Currently, I have this set of problems where I am trying to simulate bounding boxes in the simulation, and the general idea that I have drawn out is basically:

Subscribe to ground truth which helps me to detect the object I am trying to find its bounding boxes inside gazebo
Currently, the position of the object as subscribed from the ground truth is with respect to the base_link. So, I want to find the transform between the base_link and the camera_link, which I could simply use a lookupTransform to find its translation.
Then, I would have to do some maths so that the position of the object is now with respect to the camera_link
From here, I am able to determine the object's 3d position with respect to the camera (camera is now the origin)
I could then project the 3d coordinates into pixel simply by using image_geometry::PinholeCameraModel::project3dToPixel

However, the problem that I am facing is that the projection from 3d coordinates into pixel coordinate is way off from the expected position (as in it is not in the frame of my camera altho the cone is right there). I cant seem to find where I did it wrongly. Here is a really simple code for me to test in my simulation

import rclpy
import time
import cv2

from cv_bridge import CvBridge, CvBridgeError
from rclpy.qos import qos_profile_sensor_data

from rclpy.node import Node
from sensor_msgs.msg import Image, CameraInfo
from image_geometry import PinholeCameraModel

class BoundingBox(Node):

     def __init__(self):
        super().__init__('boundary_box_node')

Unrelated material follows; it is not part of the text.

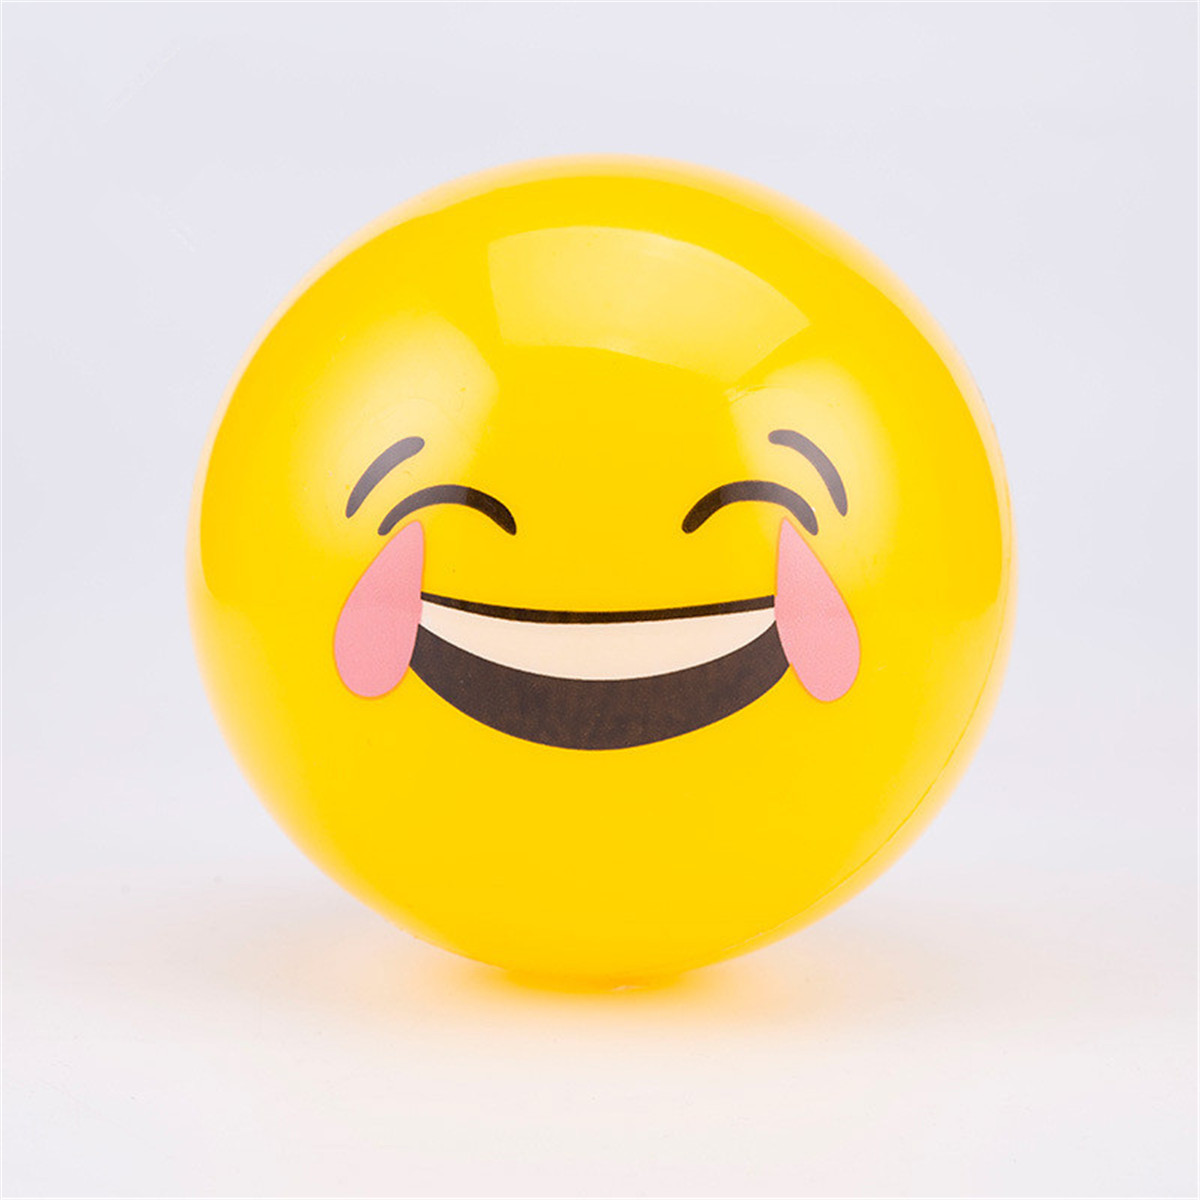 69inch-PVC-Emoji-Beach-Balls-Inflatable-Soft-Ball-KidsampAdult-Water-Play-Pool-Party-Toys-1188844

        self.model = PinholeCameraModel()

        # self.cone_position = (6.029119415283203, 2.77589750289917, 0.76)
        self.cone_position = (12.79, 3.012697458267212, 0.76)
        # self.cone_position = (0,0,1)
        self.need_info = True
        self.cam_info = self.create_subscription(CameraInfo, "zed/right/camera_info", self.info_callback, 
                              qos_profile_sensor_data)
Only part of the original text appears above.